We previously reported that Americans are 9 times more likely [4]to be killed by a police officer than a terrorist.
But it turns out that our numbers were incorrect …
This isn’t surprising, given that [5]:
“Reliable estimates of the number of justifiable homicides committed by police officers in the United States do not exist.” A study of killings by police from 1999 to 2002 in the Central Florida region found that the national databases included (in Florida) only one-fourth of the number of persons killed by police as reported in the local news media.
The Guardian reports [6] today:
An average of 545 people killed by local and state law enforcement officers in the US went uncounted in the country’s most authoritative crime statistics every year for almost a decade, according to a report released on Tuesday.
The first-ever attempt by US record-keepers to estimate the number of uncounted “law enforcement homicides” exposed previous official tallies as capturing less than half of the real picture.

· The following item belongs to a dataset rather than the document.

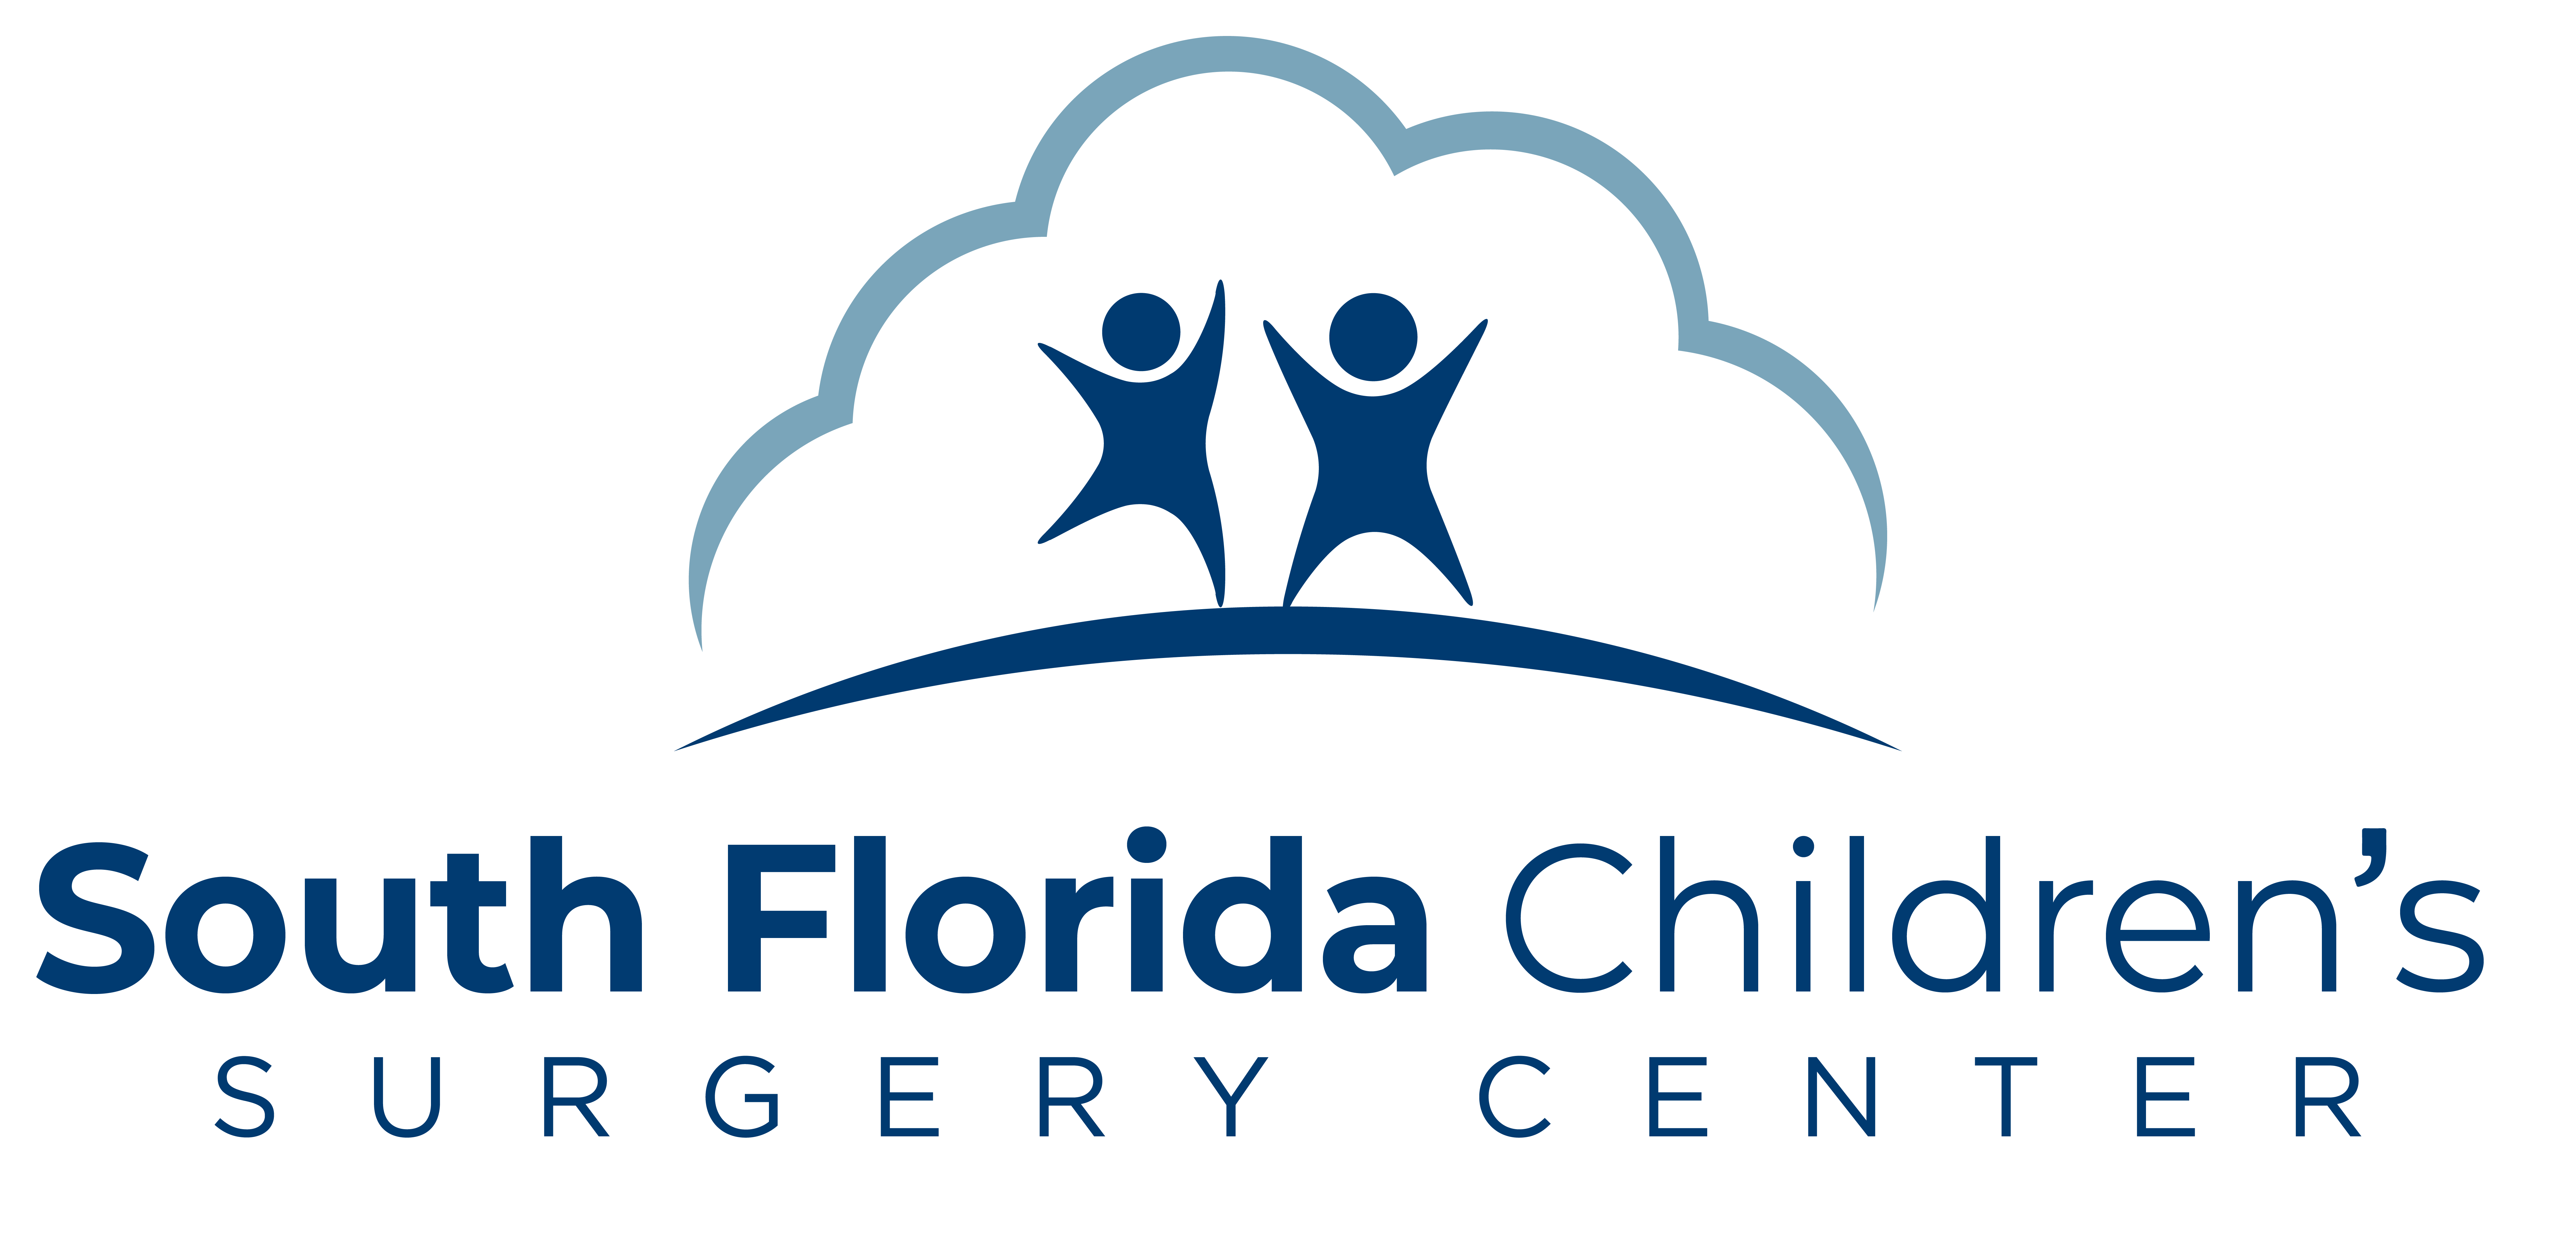 South Florida Children's Surgery Center

The new estimate – an average of 928 people killed by police annually over eight recent years, compared to 383 in published FBI [7] data – amounted to a more glaring admission than ever before of the government’s failure to track how many people police kill.
The revelation called into particular question the FBI practice of publishing annual totals [8] of “justifiable homicides by law enforcement” – tallies that are widely [9] cited [10] in the media and elsewhere as the most accurate official count of police homicides.
As shown here [11], that means that you’re 55 times more likely to be killed by a police officer than a terrorist.